Menderita hipertensi atau tekanan darah tinggi tidak hanya mengancam orang dewasa saja. Bahkan, anak-anak yang masih di bawah umur sekalipun memiliki risiko yang sama. “Hipertensi pada anak berkisar 1-2%. Anak dengan hipertensi mempunyai risiko hampir 4 kali lebih besar untuk menderita hipertensi (lebih besar) pada masa dewasa dibandingkan anak normal,” ungkap dr. Arieska Ann Soenarta, SpJP (K) M.D. FIHA, selaku Senior Consultant Cardiologist dalam sebuah diskusi bersama Indonesia Society of Hypertension (InaSH).

Hipertensi pada anak belakangan ini terus mengalami kenaikan. Jika diabaikan, penyakit ini akan berdampak buruk bagi kesehatan anak saat mereka menginjak dewasa nanti. “Hipertensi pada anak memberikan dampak buruk bagi kesehatan kardiovaskular di saat masa dewasa nanti,” tambah dr. Arieska. Perubahan gaya hidup dan pola asuh yang salah merupakan beberap faktor penyebabnya. Lebih jelasnya dr. Arieska menjabarkan faktor lainnya yang dapat memicu terjadinya hipertensi pada anak berikut ini.


Keturunan atau Genetik

“Hipertensi dapat dikatakan penyakit bawaan yang diturunkan orangtua. Sebaiknya ibu lebih cermat dalam mengasuh anak. Terlebih jika keluarga Anda mempunyai riwayat buruk dalam kesehatan ginjal dan pembuluh darah. Biasakan menerapkan gaya hidup sehat dengan menjaga pola makan mereka, supaya hipertensi pada anak tidak muncul pada saat usia mereka menginjak remaja muda.”




Obesitas Pada Anak

“Jangan terlalu senang ketika anak tumbuh dengan berat badan yang tinggi. Kegemukan pada anak dapat menjadi penyebab utama mereka mengalami hipertensi. Sebaiknya tetap jaga pola makan sang buah hati, perbanyak sayuran dan buah-buahan, serta hindari segala jenis makanan yang mengandung garam tinggi.”


Gaya Hidup Yang Salah

“Sebagian orangtua saat ini lebih senang memanjakan anaknya.
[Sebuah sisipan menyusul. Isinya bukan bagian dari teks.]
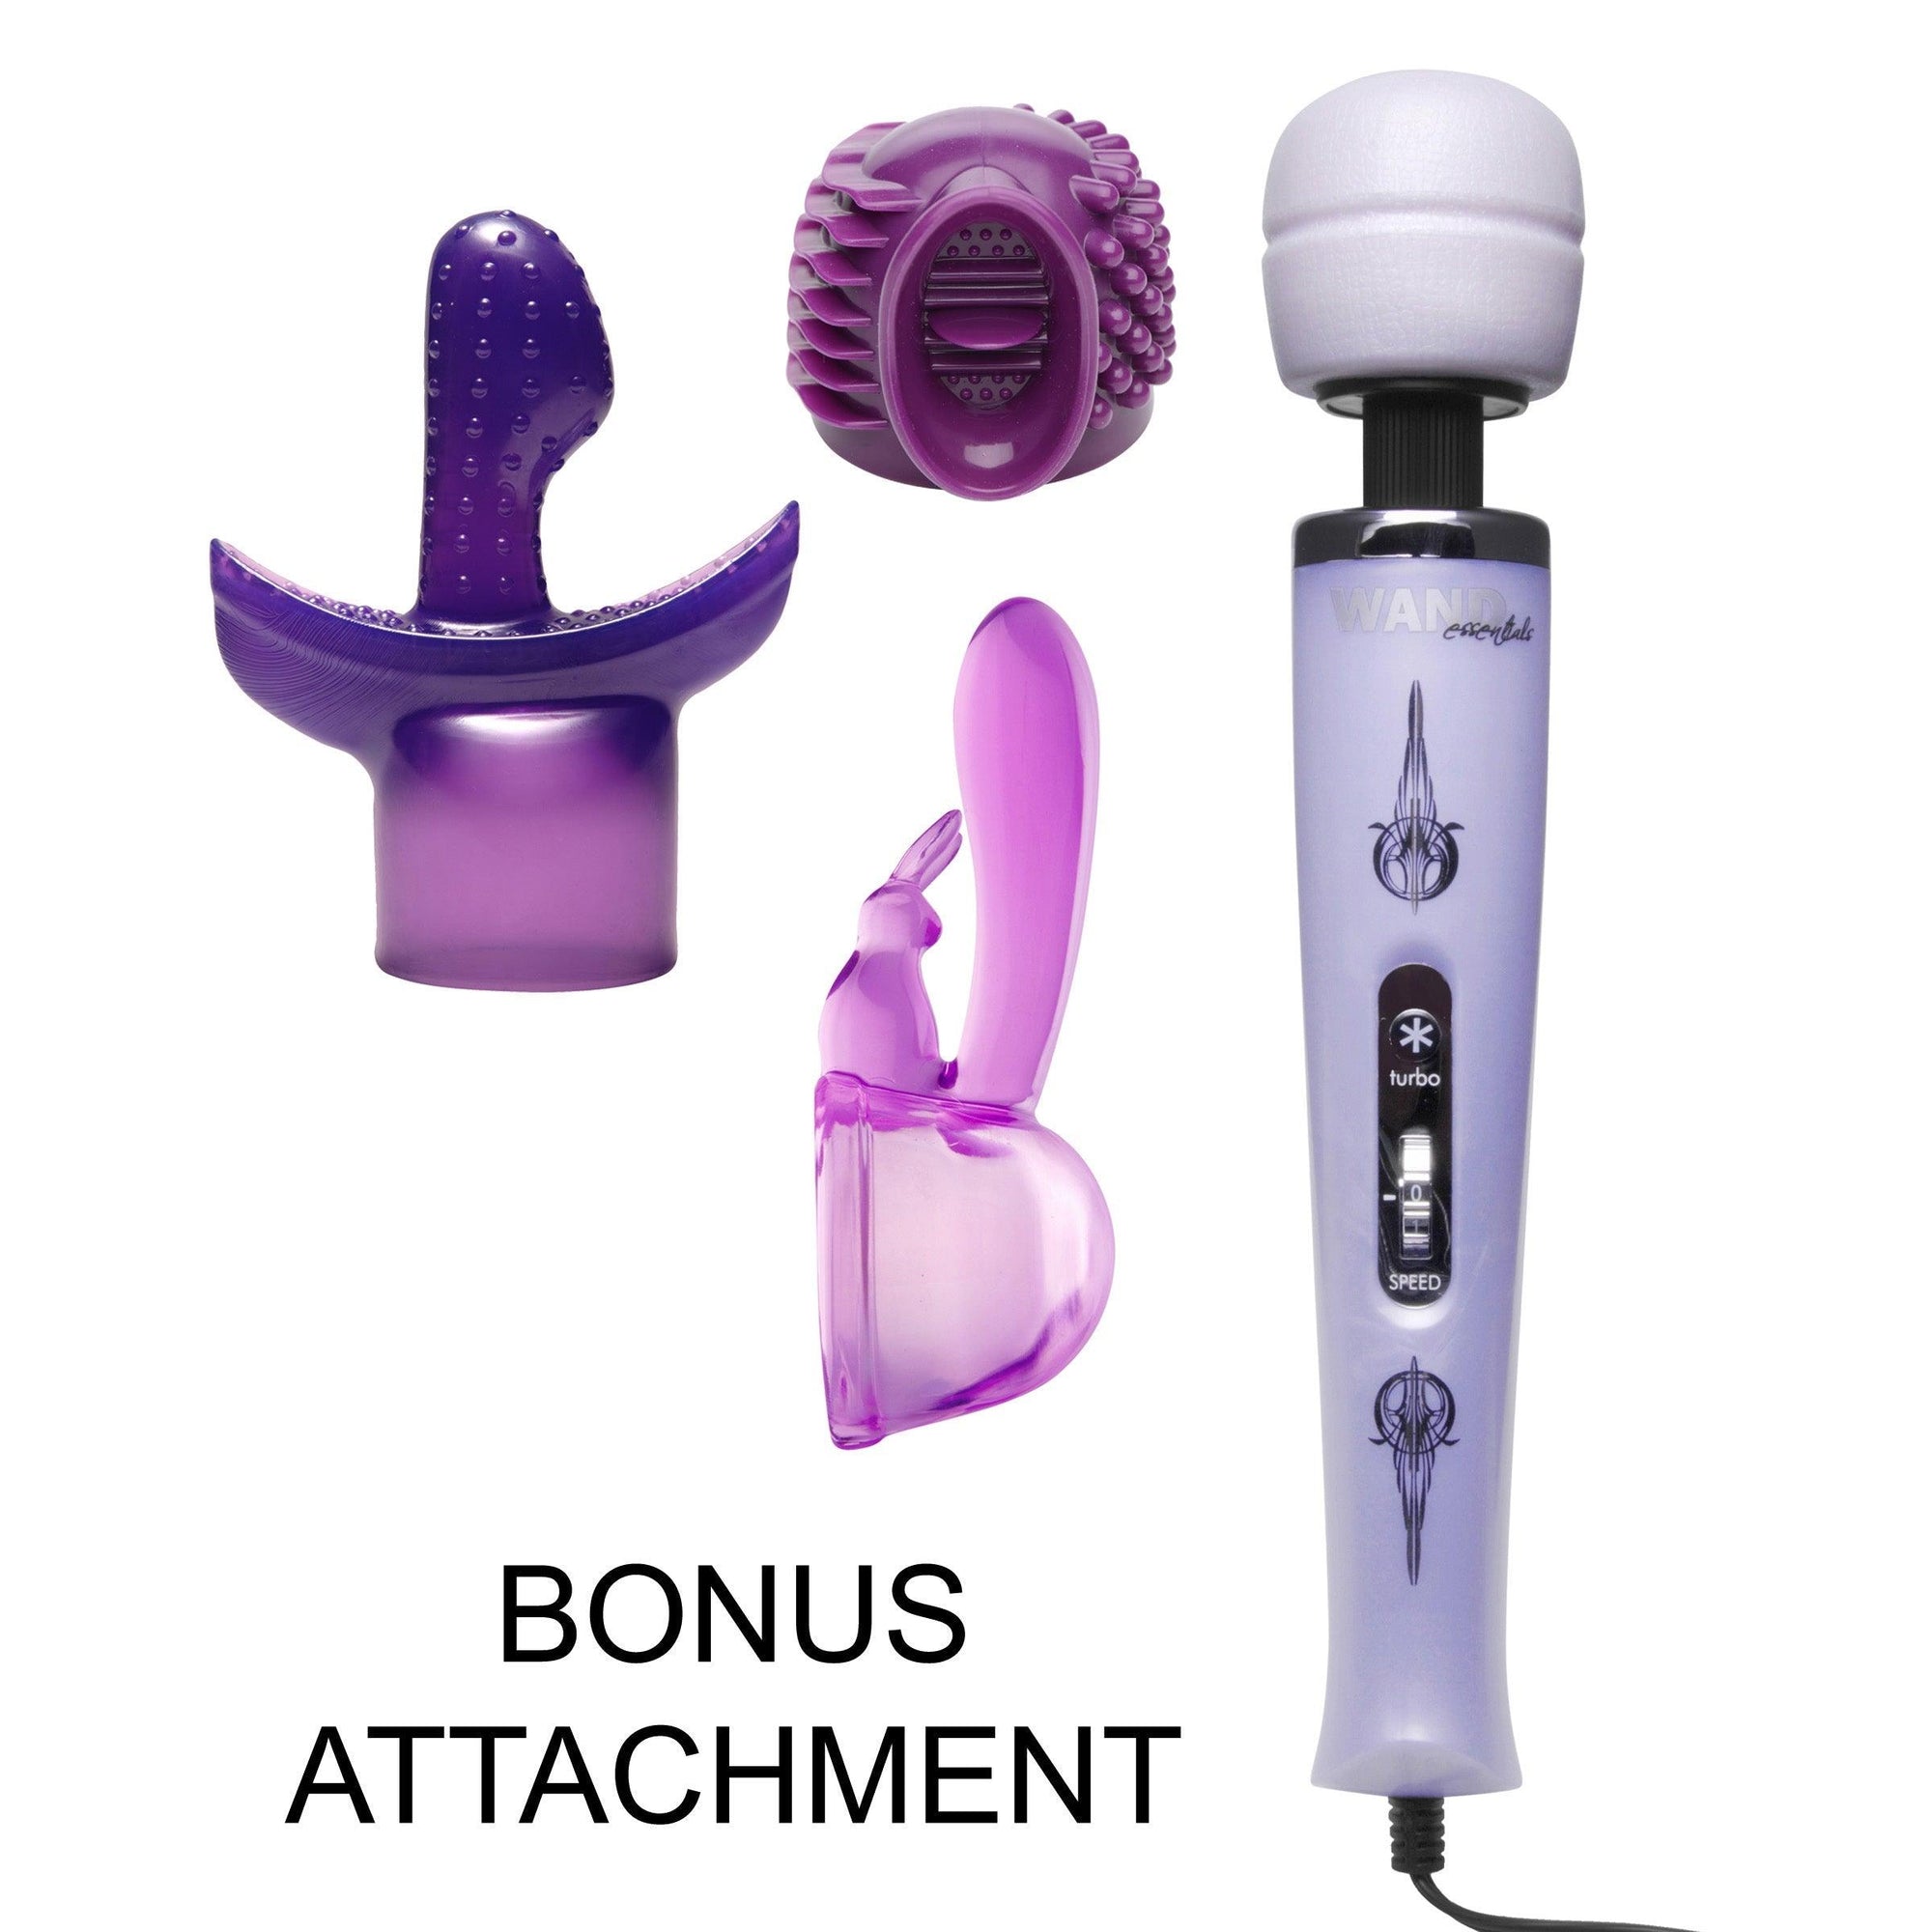 Turbo Pleasure Wand Kit with Free Attachment

Mereka dengan mudah membelikan anak gadget, membiarkannya menonton TV agar tidak rewel dan sibuk sendiri. Selain itu, biasanya para ibu senang menghabiskan waktu jalan-jalan di mal dan makan di luar rumah. Padahal kebiasaan ini membuat si kecil menjadi malas dan tidak aktif. Alhasil, berat badannya terus meningkat, karena ruang geraknya terbatas dan kurang berolahraga.” 


Malas Mengontrol Kesehatan Anak

“Sebaiknya ibu jangan hanya sibuk mengontrol tekanan darah sendiri saja, tapi cobalah ajak anak untuk mengecek kesehatannya. Tekanan darah pada anak laki-laki umumnya lebih besar daripada anak perempuan. Selain itu, hindari segala jenis obat-obatan yang memicu terjadinya hipertensi pada anak.”




Aktivitas Yang Kurang Tepat 

“Dari pada pergi ke mal setiap hari, cobalah berlibur ke alam terbuka, seperti pantai, kebun binatang, taman, berolahraga, dan kegiatan lainnya yang mampu mengasah kemampuan otak serta bersentuhan langsung dengan alam. Kegiatan ini tidak hanya baik untuk pertumbuhan mentalnya, tetapi juga dapat membuat pikirannya menjadi rileks dan badan lebih aktif bergerak.”